* EXCERPTED RECORDS *
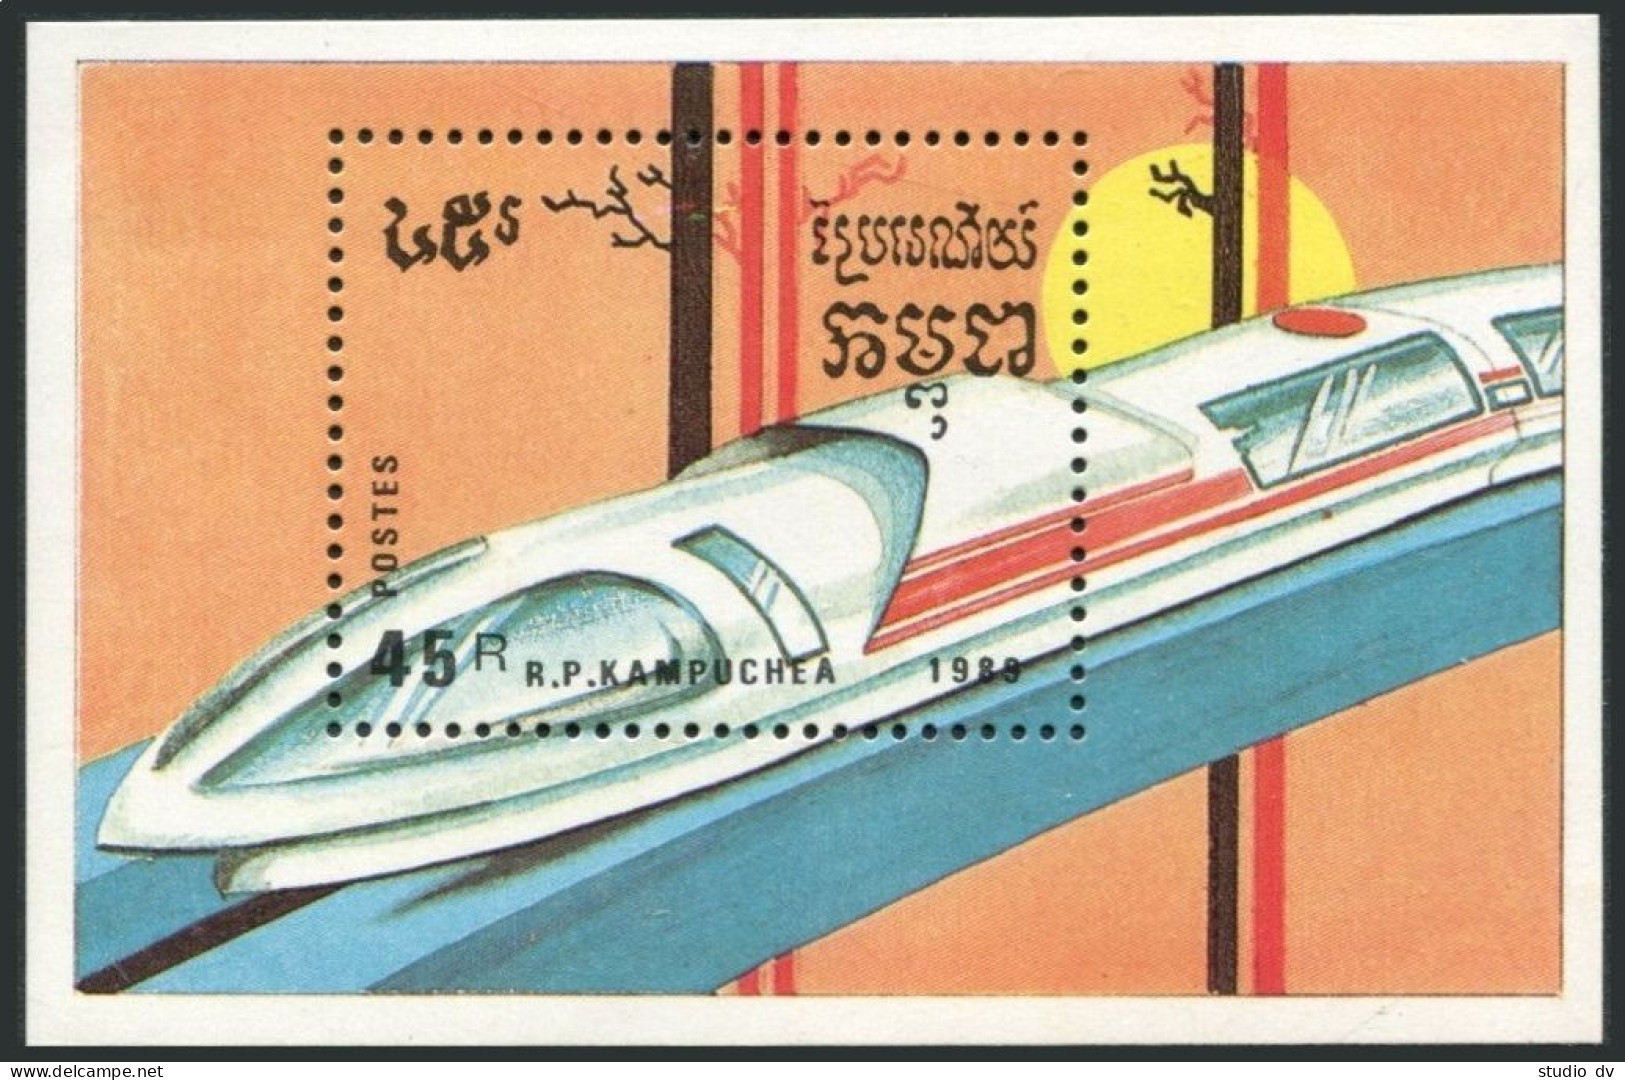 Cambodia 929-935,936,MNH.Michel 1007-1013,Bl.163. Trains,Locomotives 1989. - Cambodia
* * *
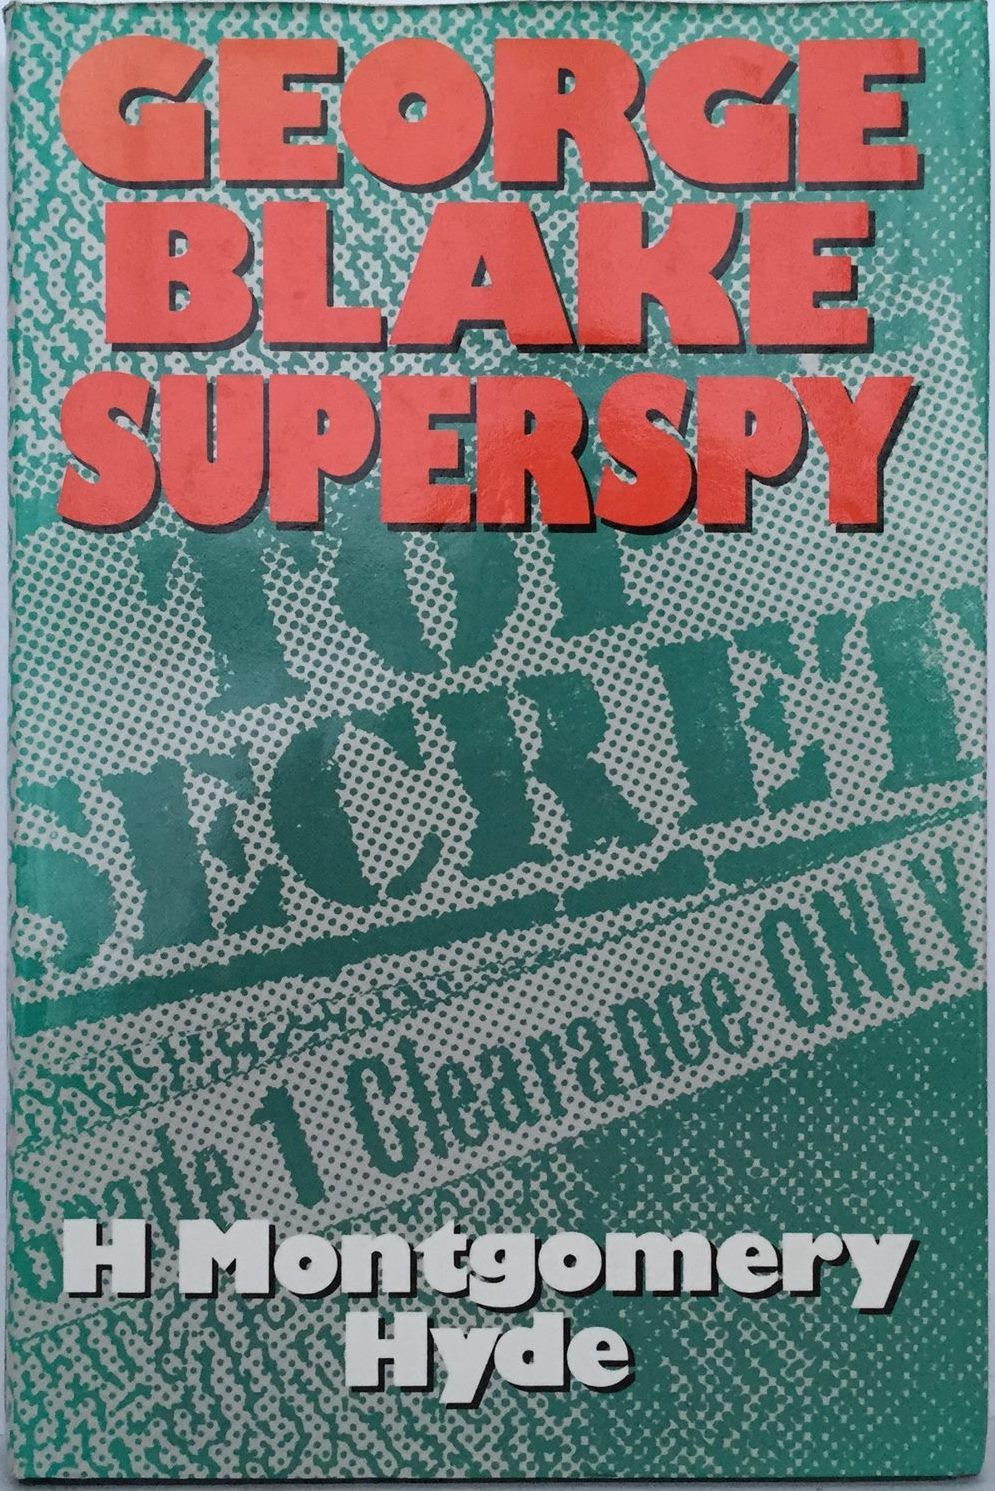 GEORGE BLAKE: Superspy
* * *
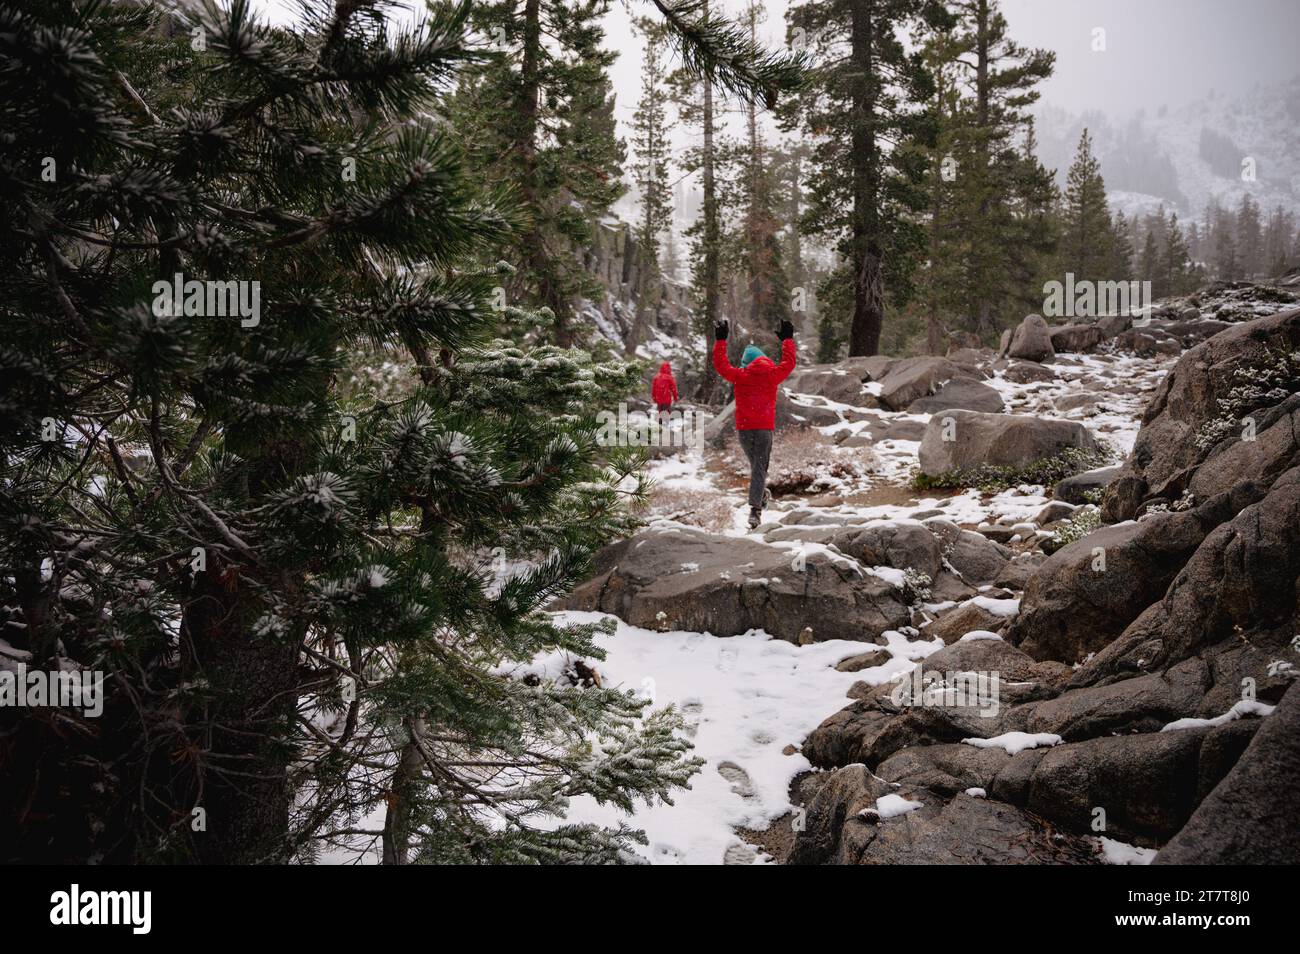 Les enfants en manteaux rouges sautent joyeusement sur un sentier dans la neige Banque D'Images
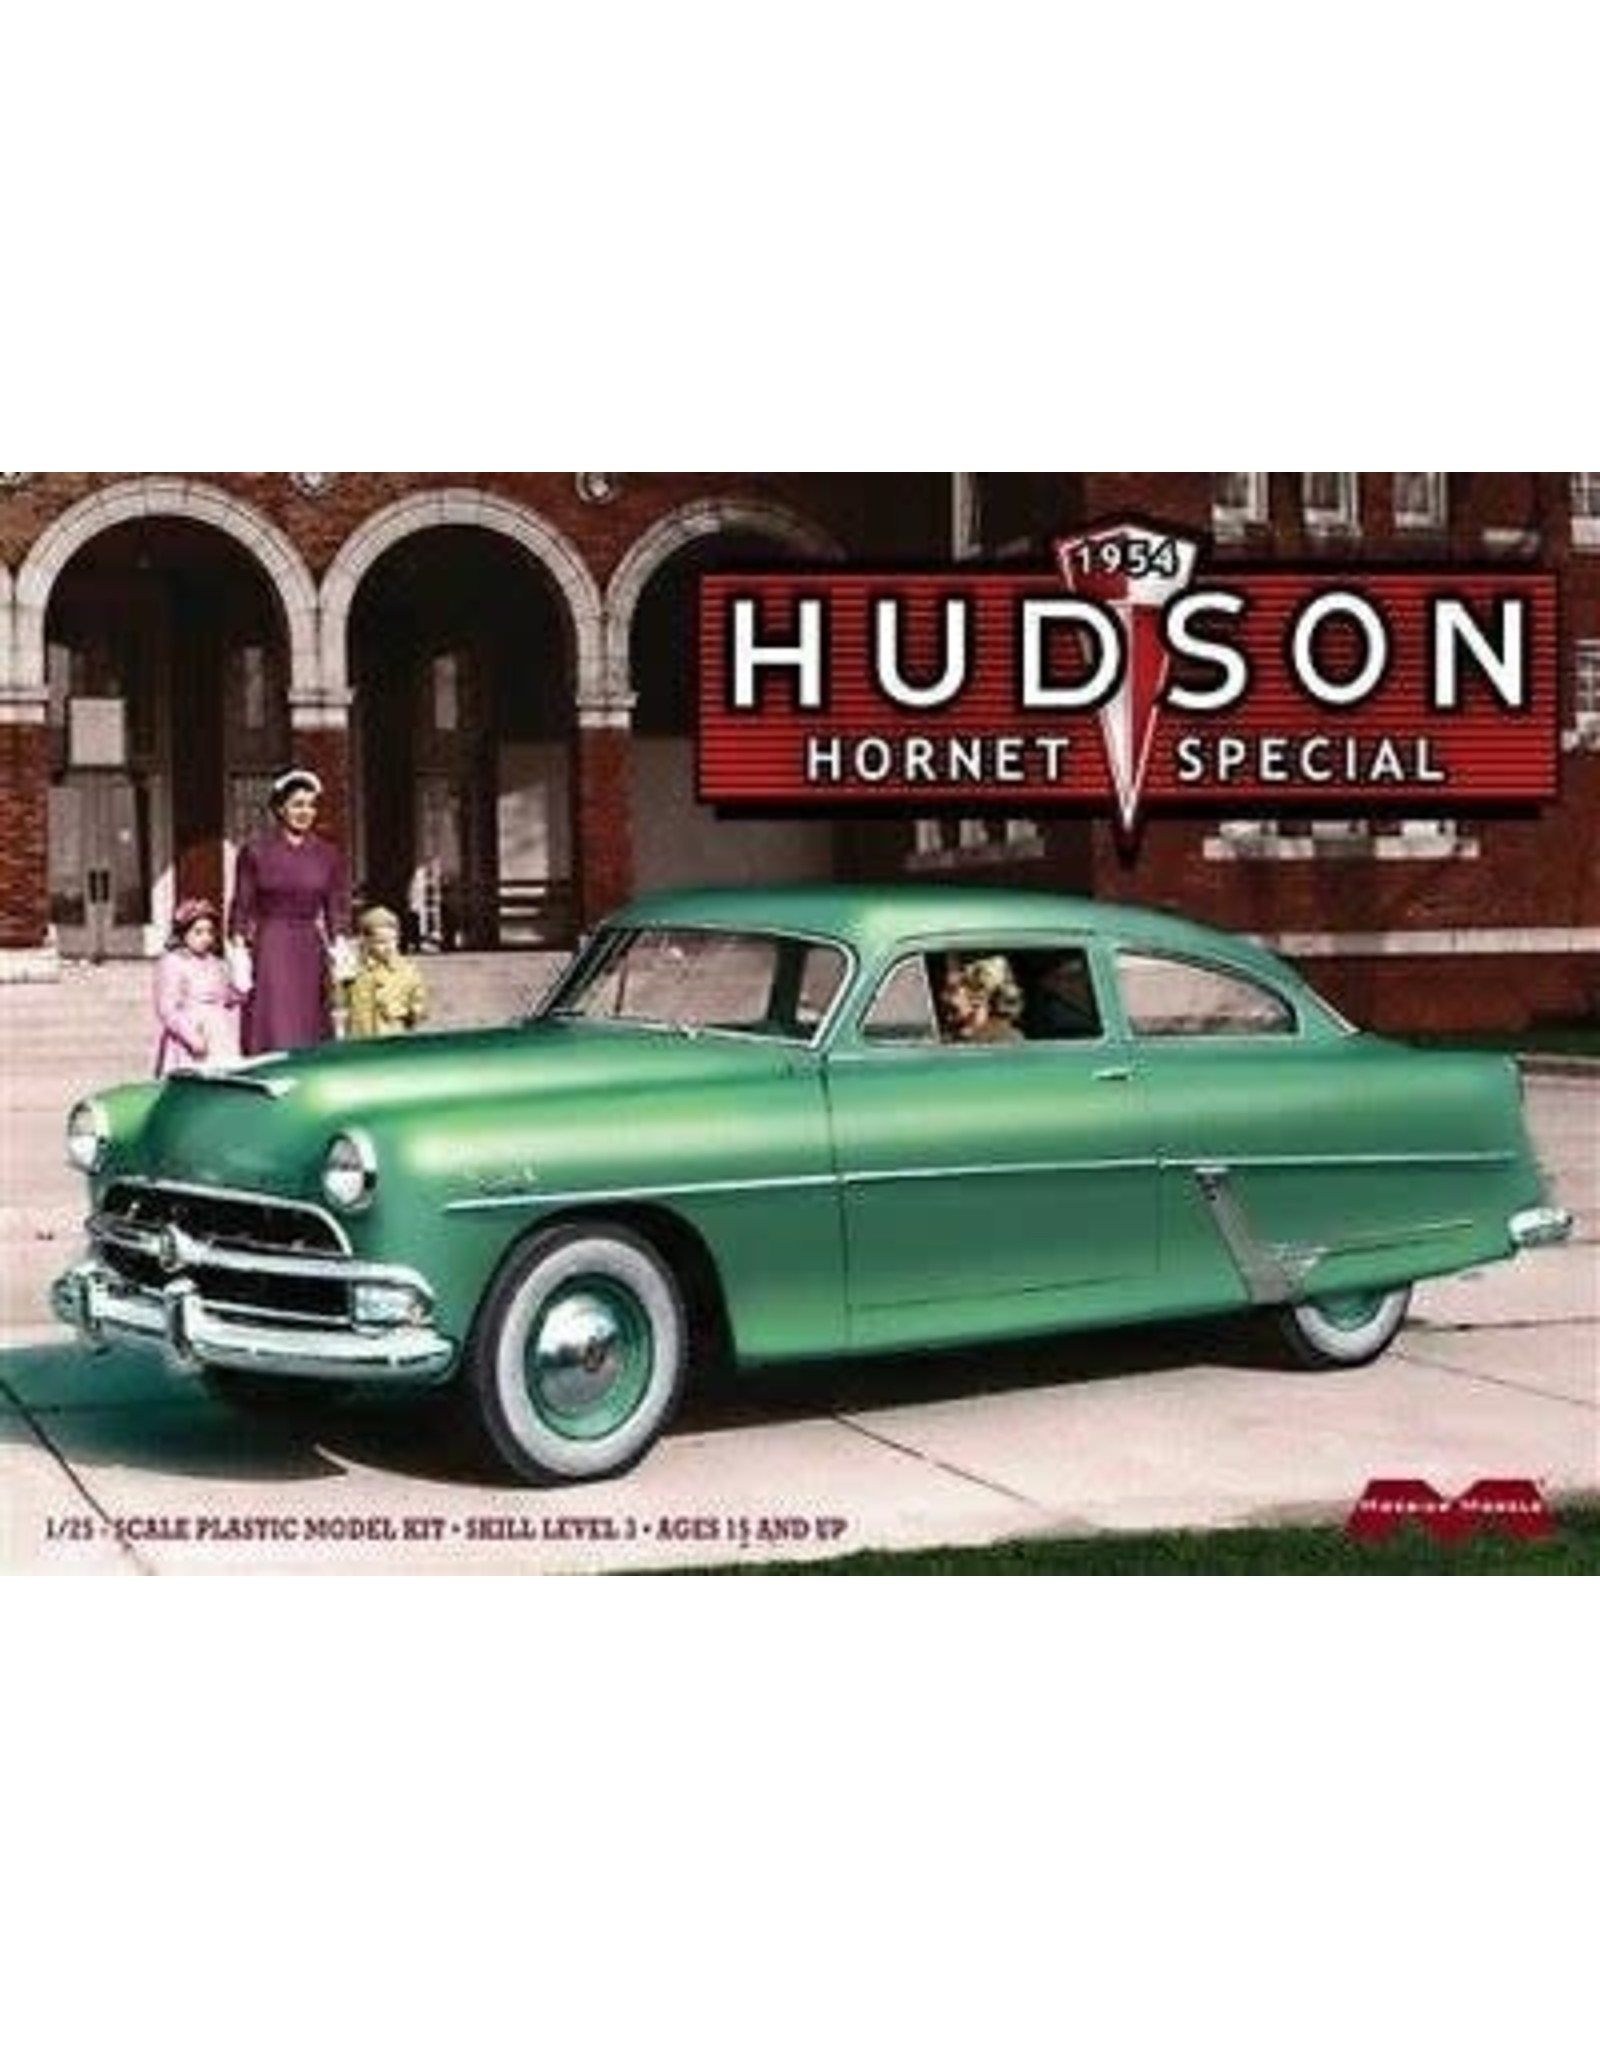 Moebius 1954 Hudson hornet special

* EXERCISE REQUIREMENTS *
Once the line with "Les enfants en" is found above, transcribe each line from it through the line with "Moebius 1954 Hudson hornet special", exactly, and omit the pictures.

* SOLUTION *
 Les enfants en manteaux rouges sautent joyeusement sur un sentier dans la neige Banque D'Images
 Moebius 1954 Hudson hornet special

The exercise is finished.